Ashwagandha (KSM-66 extract, 600mg daily) has the strongest evidence among adaptogens for cortisol reduction and consequent testosterone preservation in stressed men — with several randomised controlled trials showing significant effects on both. For men whose testosterone suppression is primarily stress-mediated, addressing the cortisol axis is the prerequisite, not testosterone optimisation.
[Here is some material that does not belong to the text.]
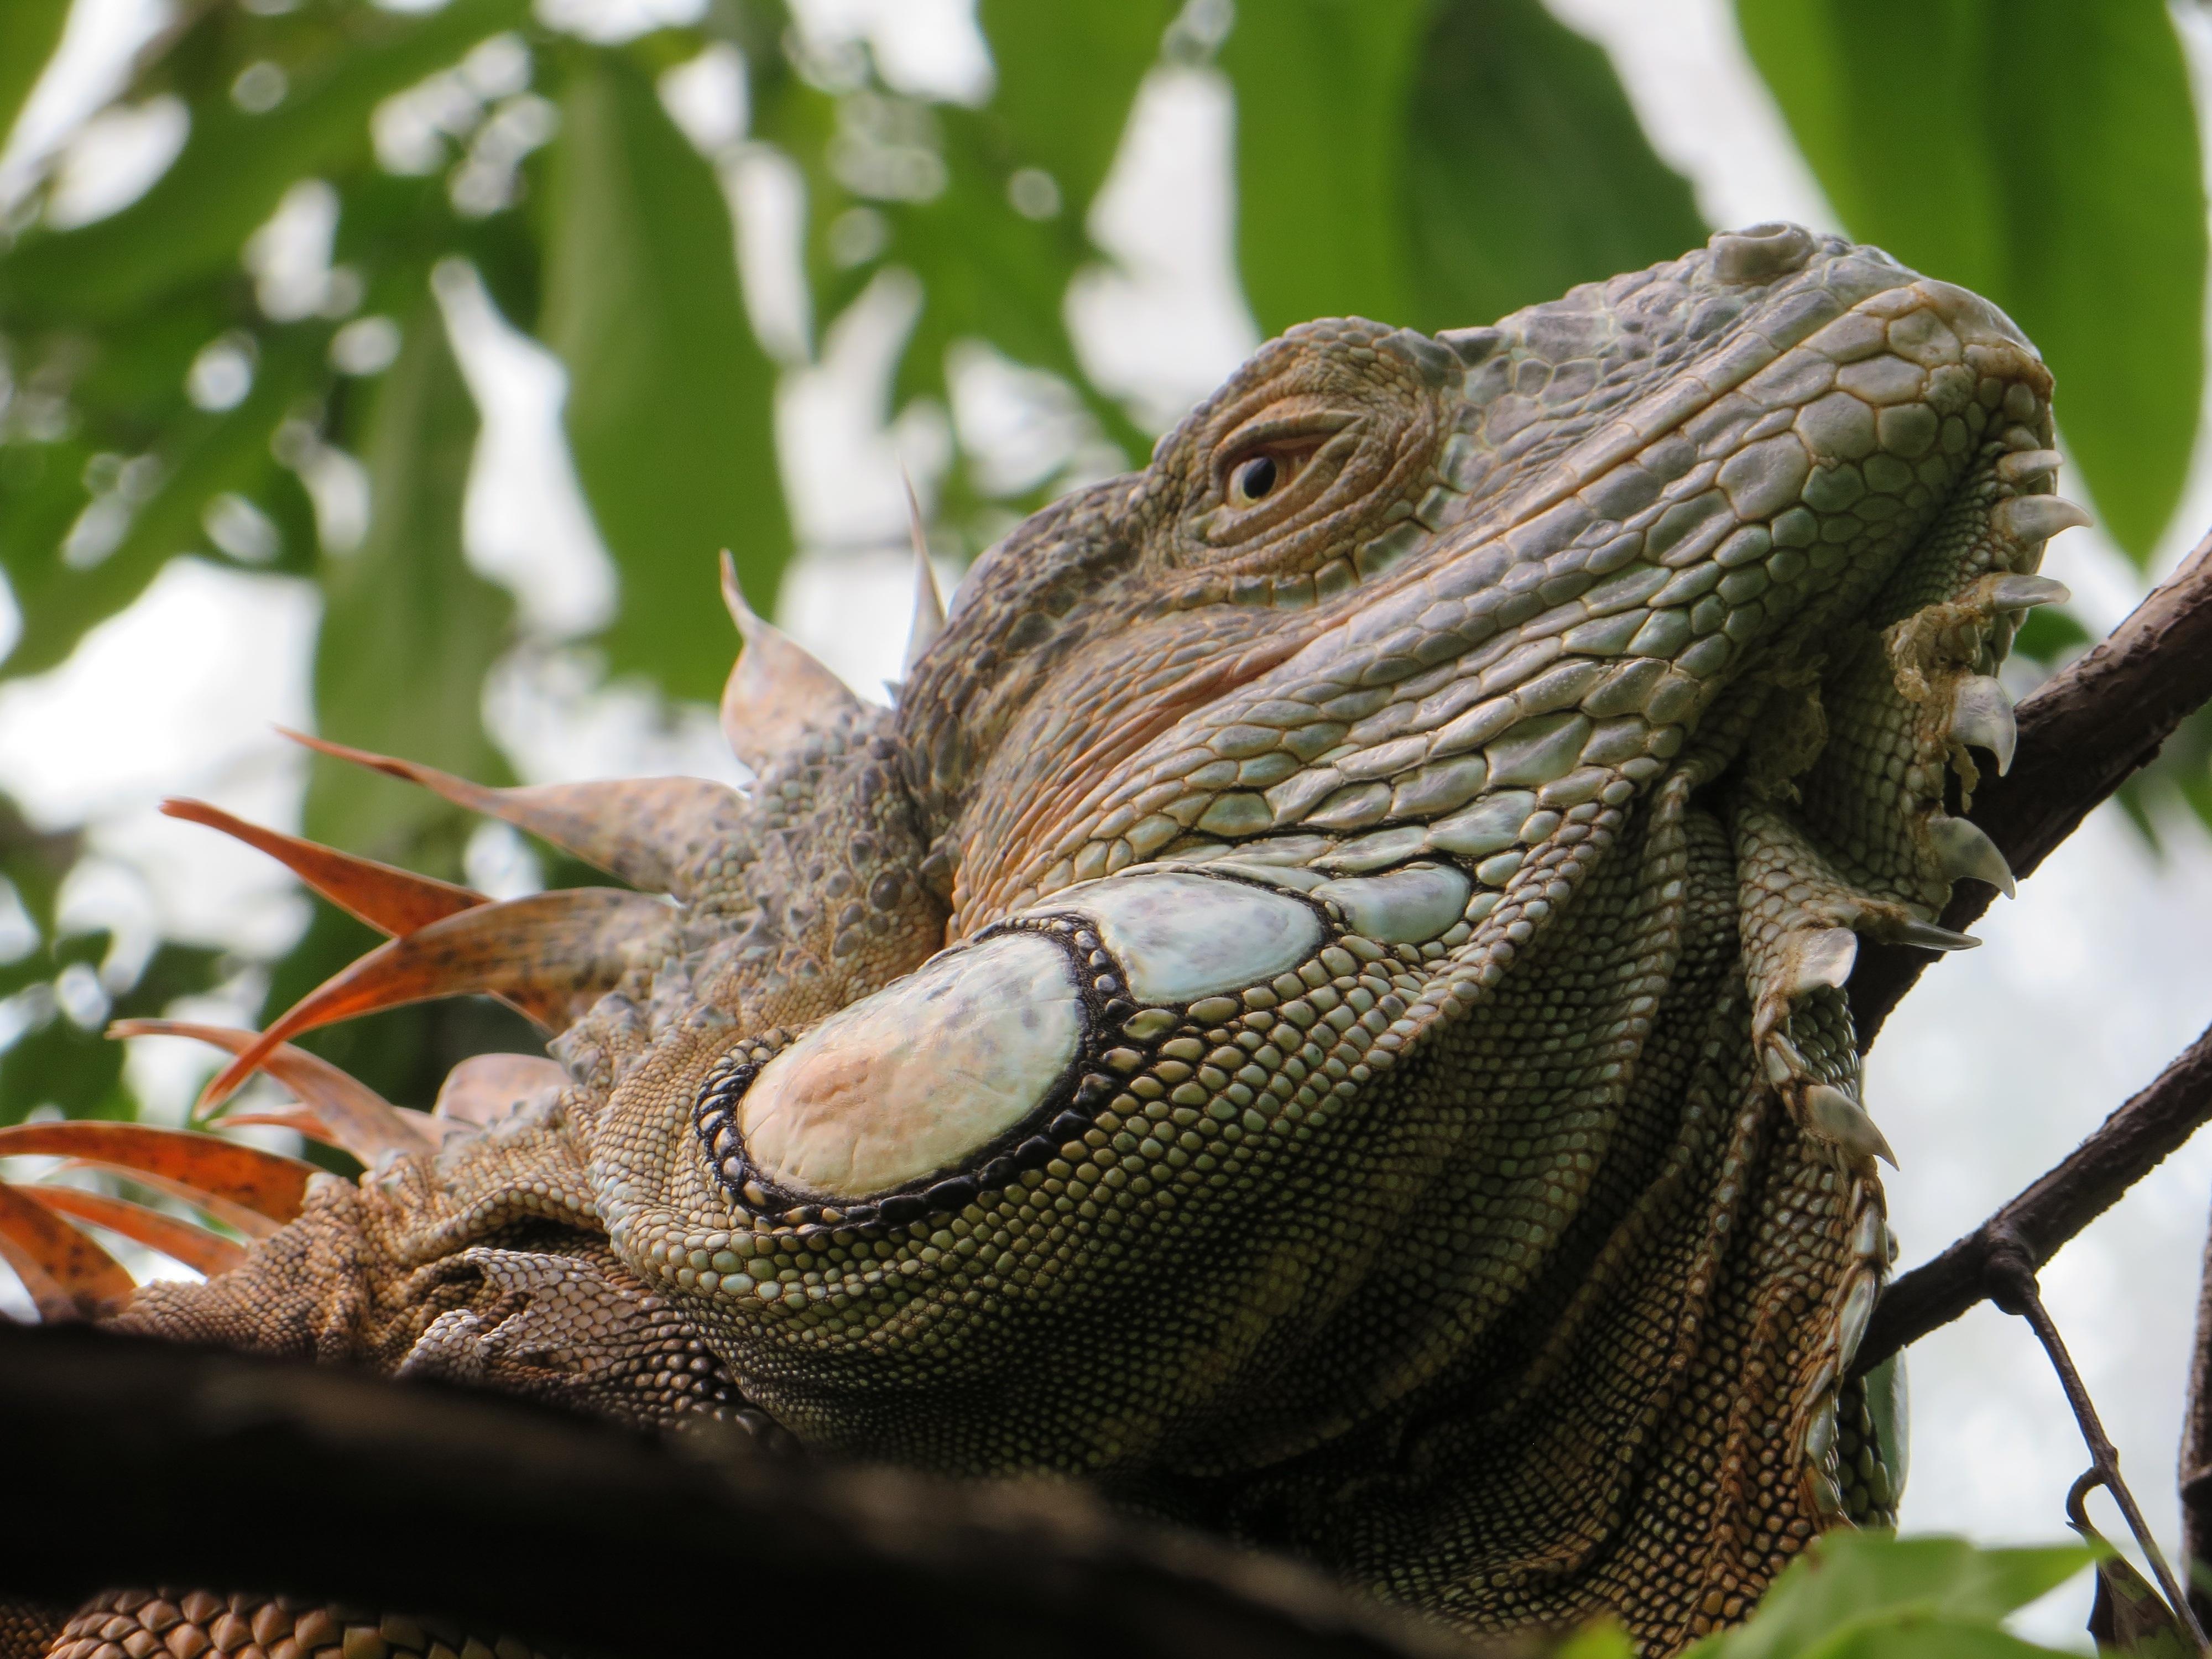 Wild Iguana, Animal, Green, Iguana, Lizard, HQ Photo

What the evidence actually supports

Resistance training consistently produces 15-25% increases in testosterone in previously sedentary men. Sleep optimisation matters substantially — 70% of daily testosterone release occurs during sleep, and poor sleep quality reliably suppresses testosterone independent of other variables. Visceral fat reduction decreases aromatase activity and often increases free testosterone significantly without supplementation.

In supplementation, zinc and vitamin D have support specifically in deficient men — supplementing when replete shows minimal effect. Ashwagandha has consistent support for the cortisol-testosterone pathway. Beyond these, most testosterone-marketed supplements have weak or absent evidence.

The question your genetics can answer is which mechanism is actually driving your functional androgen status — SHBG elevation, aromatase conversion, receptor sensitivity, or cortisol competition. The answer determines the intervention. Without identifying the bottleneck, you're optimising blindly.

This article is for educational purposes only and does not constitute medical advice. Testosterone and hormonal health concerns should be assessed by a qualified clinician with access to your full clinical picture and bloodwork.